Imagine a Democratic Party that could call for schools to teach gratitude, generosity, caring for others, and celebration of the wonders that daily surround us! Such a Democratic Party, continuing to embrace its agenda for economic fairness and multi-cultural inclusiveness, would have won in 2004 and can win in the future. (Please don't tell me that this is happening outside the Democratic Party in the Greens or in other leftie groups--because except for a few tiny exceptions it is not! I remember how hard I tried to get Ralph Nader to think and talk in these terms in 2000, and how little response I got substantively from the Green Party when I suggested reformulating their excessively politically correct policy orientation in ways that would speak to this spiritual consciousness. The hostility of the Left to spirituality is so deep, in fact, that when they hear us in Tikkun talking this way they often can't even hear what we are saying--so they systematically mis-hear it and say that we are calling for the Left to take up the politics of the Right, which is exactly the opposite of our point--speaking to spiritual needs actually leads to a more radical critique of the dynamics of corporate capitalism and corporate globalization, not to a mimicking of right-wing policies).

If the Democrats were to foster a religions/spiritual Left, they would no longer pick candidates who support preemptive wars or who appease corporate power. They would reject the cynical realism that led them to pretend to be born-again militarists, a deception that fooled no one and only revealed their contempt for the intelligence of most Americans. Instead of assuming that most Americans are either stupid or reactionary, a religious Left would understand that many Americans who are on the Right actually share the same concern for a world based on love and generosity that underlies Left politics, even though lefties often hide their value attachments.

Yet to move in this direction, many Democrats would have to give up their attachment to a core belief: that those who voted for Bush are fundamentally stupid or evil. Its time they got over that elitist self-righteousness and developed strategies that could affirm their common humanity with those who voted for the Right. Teaching themselves to see the good in the rest of the American public would be a critical first step in liberals and progressives learning how to teach the rest of American society how to see that same goodness in the rest of the people on this planet. It is this spiritual lesson-that our own well-being depends on the well-being of everyone else on the planet and on the well-being of the earth-a lesson rooted deeply in the spiritual wisdom of virtually every religion on the planet, that could be the center of a revived Democratic Party.

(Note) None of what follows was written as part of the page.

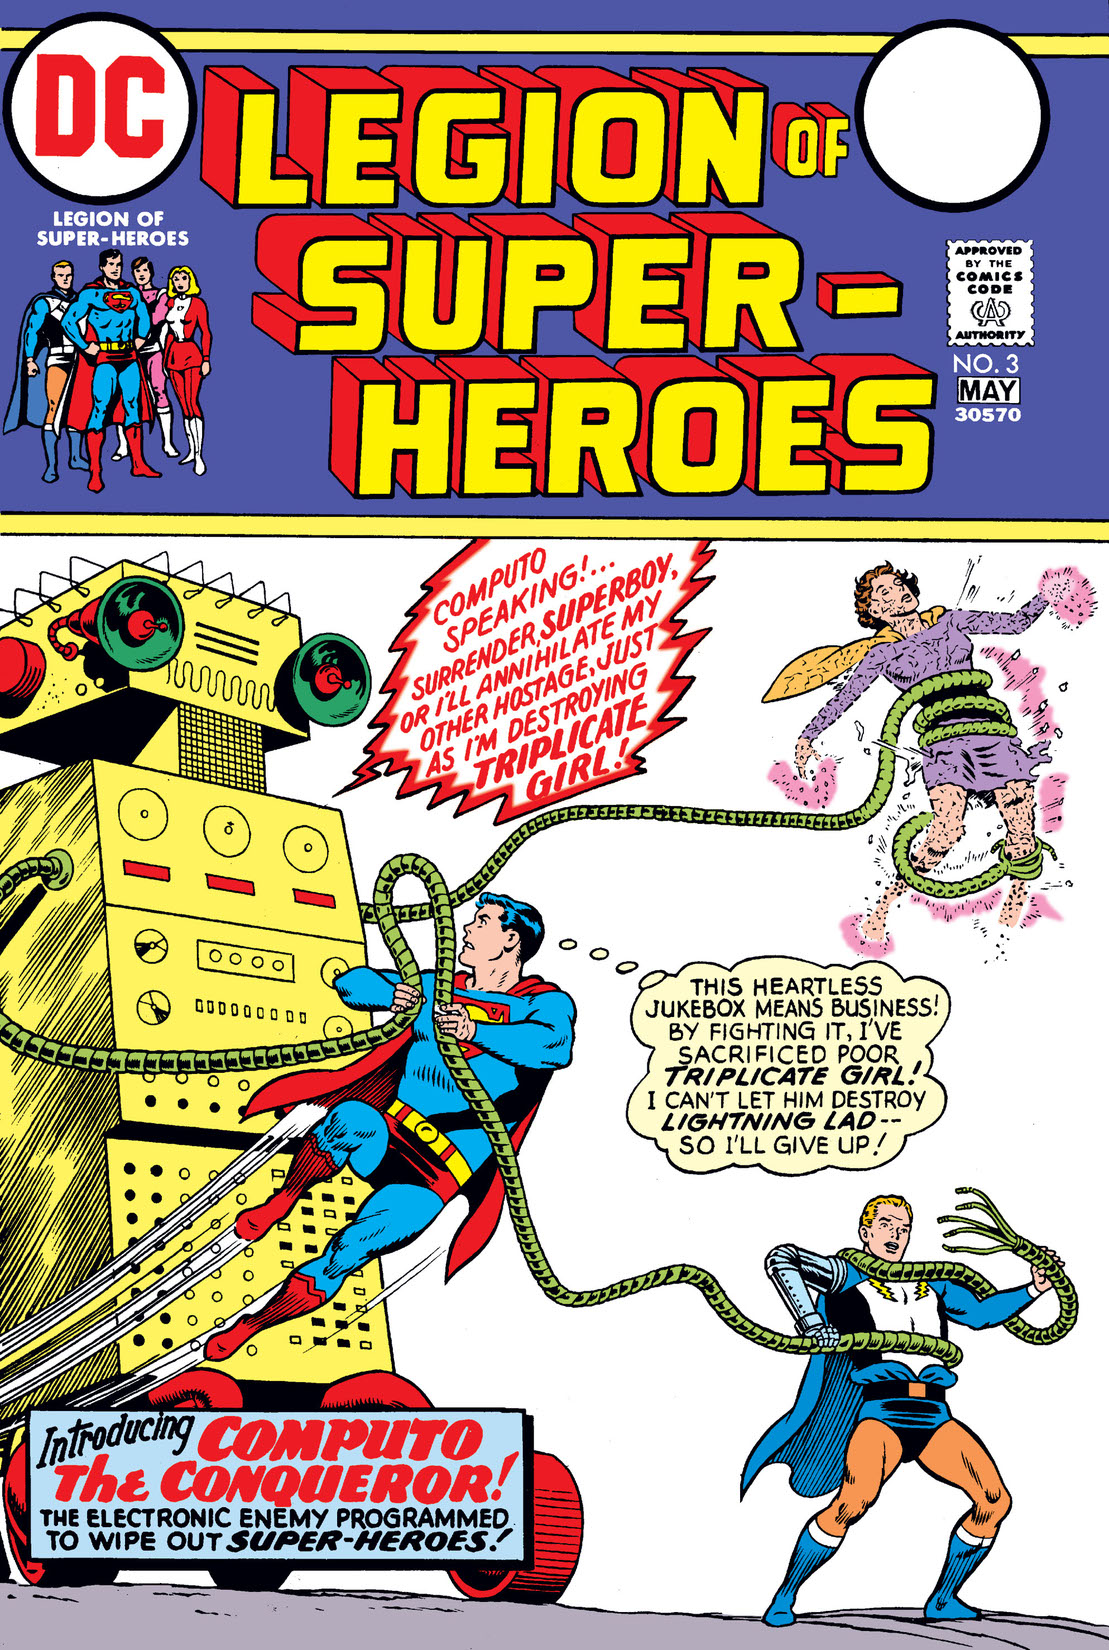 Legion of Super-Heroes (1973-1973) #3 preview images
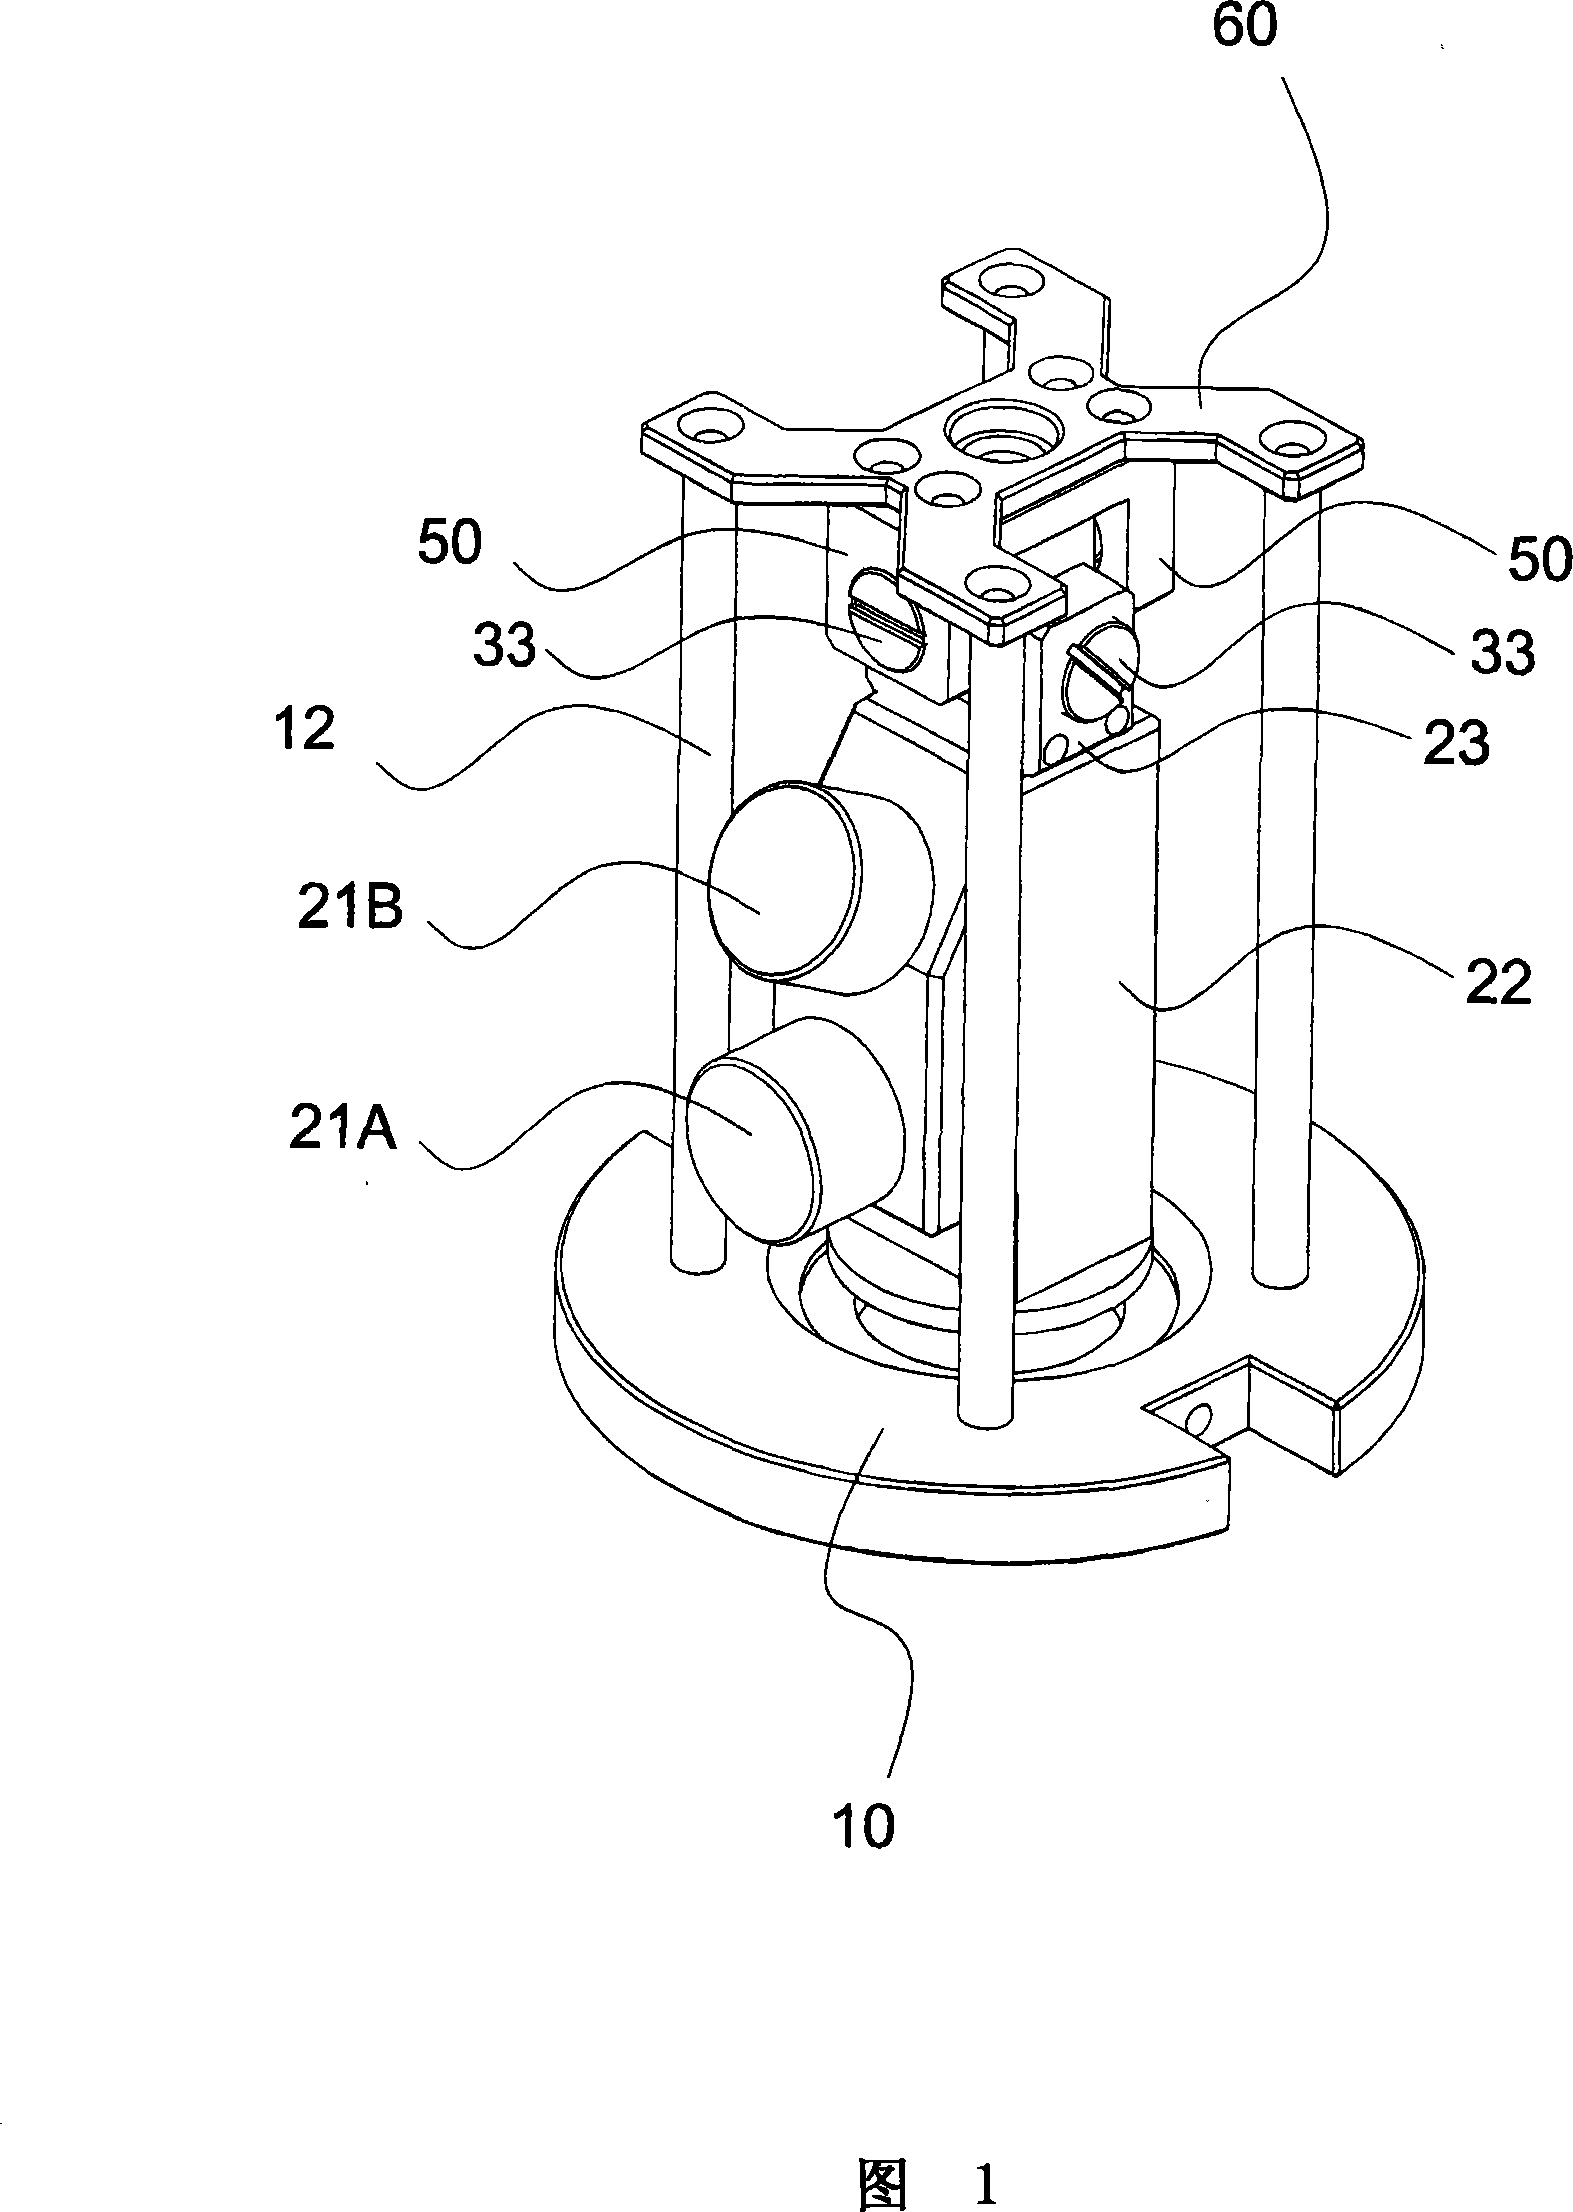 Axial direction free spin device

Yet to take that seriously, the Democrats are going to have to get over the false and demeaning perception that the Americans who voted for Bush could never be moved to care about the well being of anyone but themselves. That transformation in the Democrats would make them into serious contenders.

A confession: I walked by an Episcopal church today, and had to will all of my secular energies to the fore of my body and mind in order to fight the urge to walk in and pray.

Wednesday, November 03, 2004

Pre-Bed Election Thoughts

As of 12.50 EST, it appears that all my confidence and hope are, like the residual elements of my religious faith, good for very little indeed. With that in mind, commence with the gloating and anger that only self-righteousness conservative and liberal zeal can muster; commence with legalized homophobia; commence with even more tax cuts; commence with still yet more fear, America's most favored of opiates -- if it's not Jesus bearing down on us with an apocalyptic gleam in his eye, it's Allah's bomb-strapped will; commence with a lot of liberals claiming half-hearted expatriation attempts, but only really managing to cross a few state borders; commence with conservatives finding new ways to blame the minority party for their policy failures; commence with me drunkenly wondering, to all willing to listen, how far away I am from this country's collective political will, and whether moving back here is really such a good idea.

Oh, yes, we all have much to look forward to.